8. The method according to claim 7, wherein after said deriving a second predetermined gait recognition model, the method comprises:

determining a model formed by the preset gait segmentation network model and the second preset gait recognition model as a second preset integrated network model;

loading a first training parameter of the preset gait segmentation network model and a third training parameter of a second preset gait recognition model;

and performing fine tuning training on the first training parameter and the third training parameter in the second preset integrated network model by using multiple groups of second step sequences to obtain the integrated network model, wherein a second target loss function of a gait feature vector output by the integrated network model meets a second target convergence condition, the second target convergence condition is used for indicating that an output value of the second target loss function is within an eighth preset range, and/or a third target loss function of an estimated identity feature vector output by the integrated network model and a known identity feature vector of a third training object meets a third target convergence condition, and the third target convergence condition is used for indicating that an output value of the third target loss function is within a ninth preset range.

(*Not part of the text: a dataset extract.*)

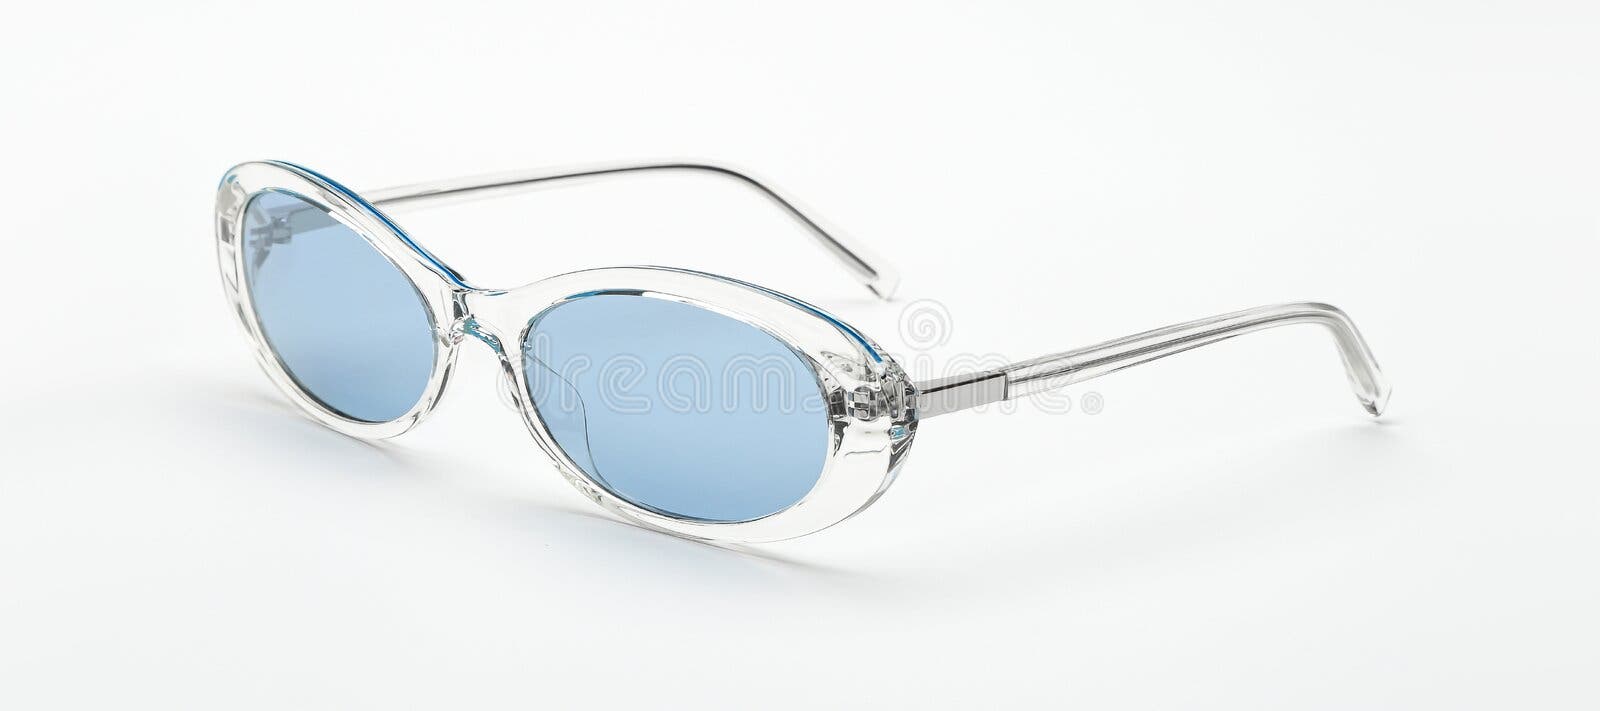 De Sol Retro Aisladas En Fondo Blanco. Gafas De Sol Vintage Mujer Accesorios De Verano Color Blanco Y Azul de - Imagen de accesorio, cristales: 191225793
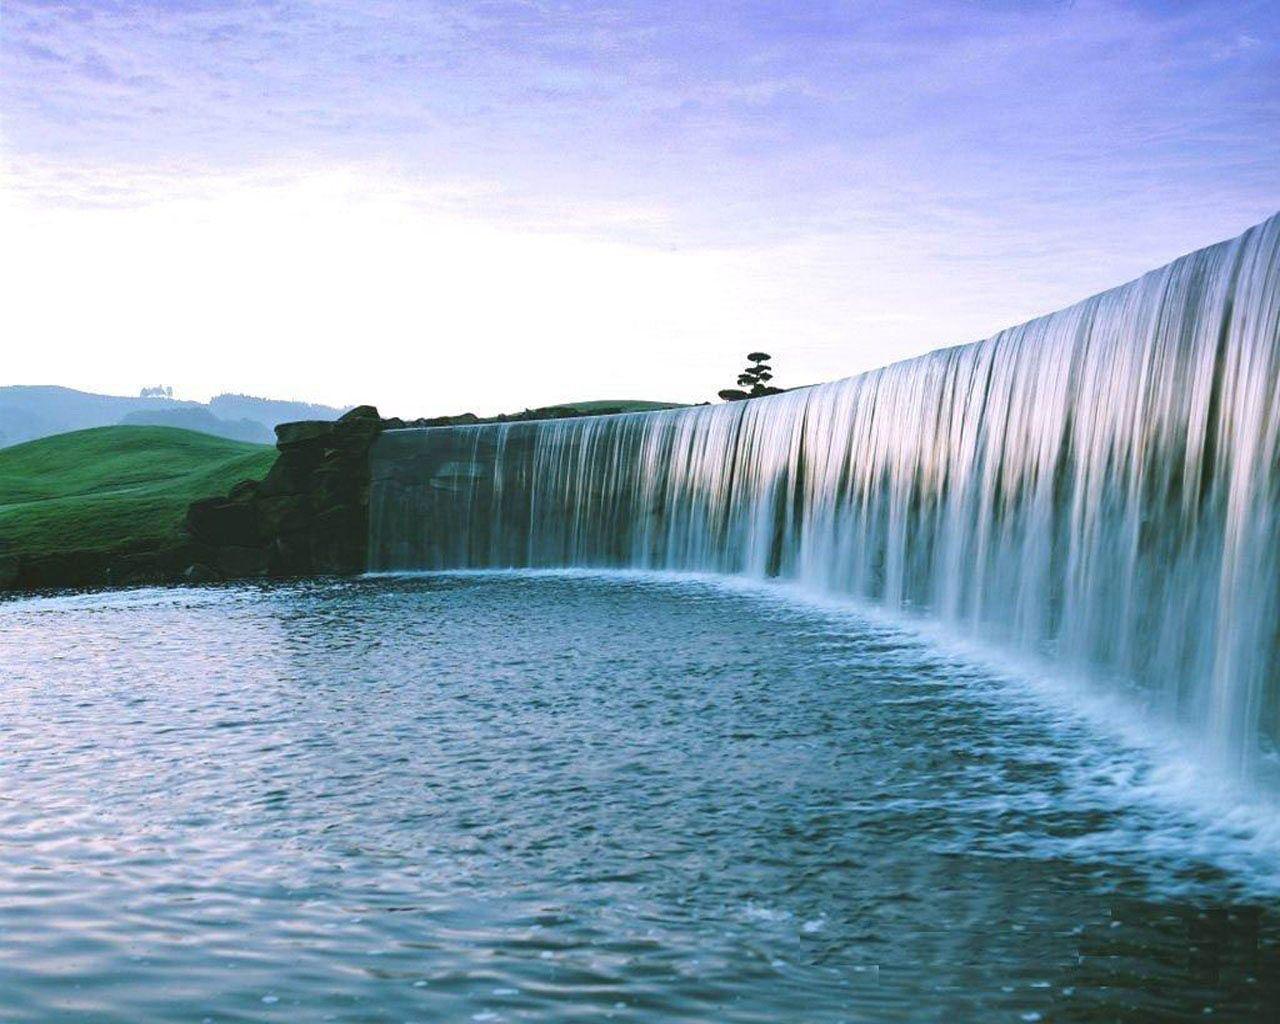 Gói hình nền thác nước đẹp nhất 1280x1024 cho máy tính xách tay đẹp nhất.  Thác nước

9. The method of claim 1, the determining identity information of the target object by the gait feature vector, comprising:

determining the cosine distance between the gait feature vector and each preset gait feature vector stored in a preset gait search base;

and determining the identity information corresponding to the preset gait feature vector of which the cosine distance is less than or equal to a preset threshold value as the estimated identity information of the target object, wherein at least two preset gait feature vectors are stored in the preset gait search base, and each two preset gait feature vectors are stored in association with the corresponding identity information.

10. An identification device based on gait information, comprising:

the device comprises an acquisition module, a processing module and a display module, wherein the acquisition module is used for acquiring at least two frames of target images shot by image acquisition equipment, and the at least two frames of target images comprise gait information of a target object;

the analysis module is used for analyzing the gait information in the at least two frames of target images by using the at least two frames of target images as the input of an integrated network model, and obtaining the gait feature vector of the target object output by the integrated network model, the integrated network model comprises a gait segmentation network model and a gait recognition model, the gait segmentation network model is used for segmenting a gait silhouette of the target object in the at least two frames of target images, the gait recognition model is used for analyzing the gait silhouette output by the gait segmentation network model to obtain the gait feature vector, and the gait segmentation network model and the gait recognition model are obtained by training an original convolutional neural network model by using a plurality of groups of training data;

and the first determination module is used for determining the identity information of the target object through the gait feature vector.